The weight of the evidence on the question of the arrangement to extend the time is therefore clearly on the side of appellants; and we are of opinion that the exceptions to the finding of the special master, that there was no arrangement for the extension of the time of redemption, should have been sustained by the court; and that the court should have granted the prayer for relief and allowed the appellants to redeem said property.

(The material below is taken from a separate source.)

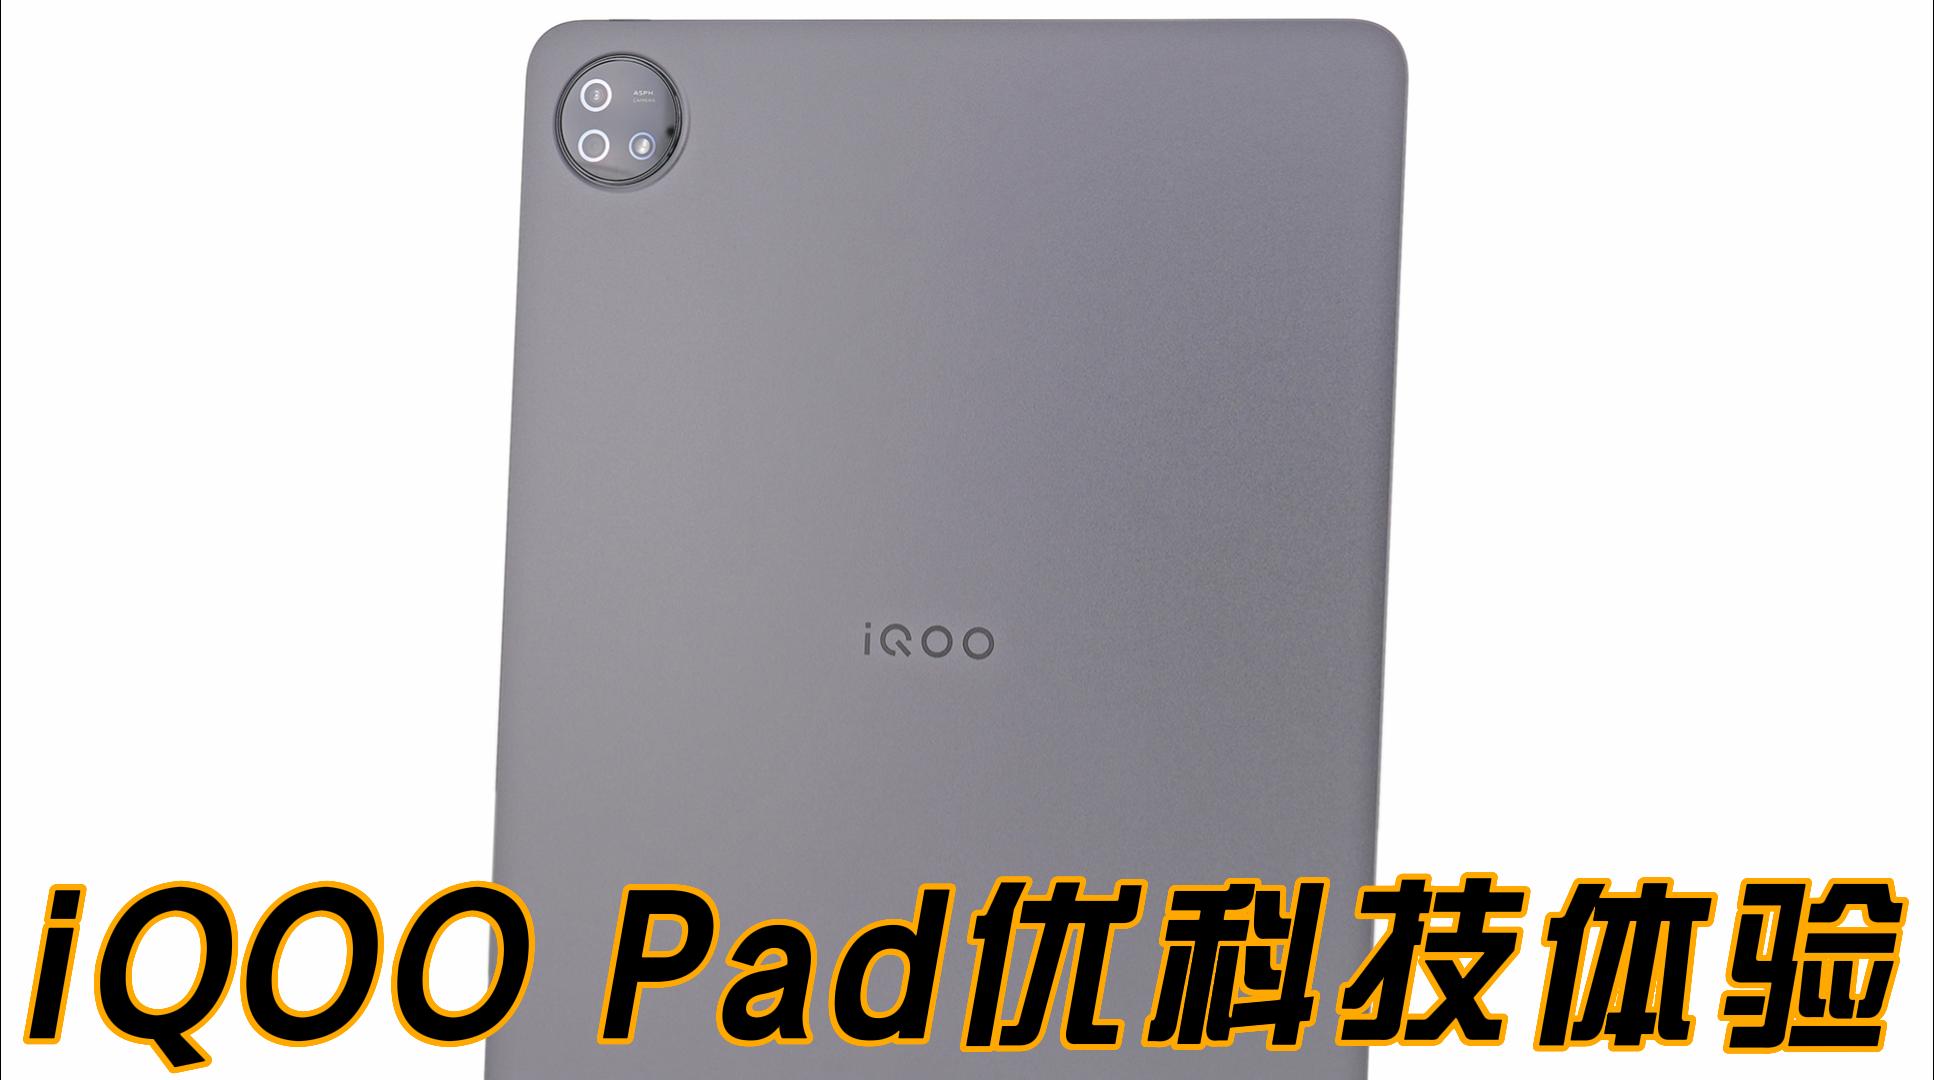 更大更强更好用 iQOO Pad优科技全面体验

The decree is therefore reversed and the cause remanded with directions that the court grant the relief prayed for; and that the appellants be allowed to redeem, by paying to the appellee Axtell, by a short day to be fixed by the court, the amount paid by him at the foreclosure sale, and six per cent, interest thereon, from the date of said sale to the date fixed by the court for redemption; also the amount paid by appellee Axtell for taxes in 1911, with six per cent, interest thereon, from the date of such payment to the date fixed by the court for redemption; and that upon such payment, the deed of conveyance by appellee' Axtell to appellee Doyle be ordered canceled and set aside; also the mortgage and note executed by appellee Doyle to appellee Axtell; and that the appellee Axtell be required, upon such redemption, to reconvey, by proper deed, to appellant Adella Diggins, the title acquired by him in and to the property, through said master’s deed and certificate.

Reversed and remanded with directions.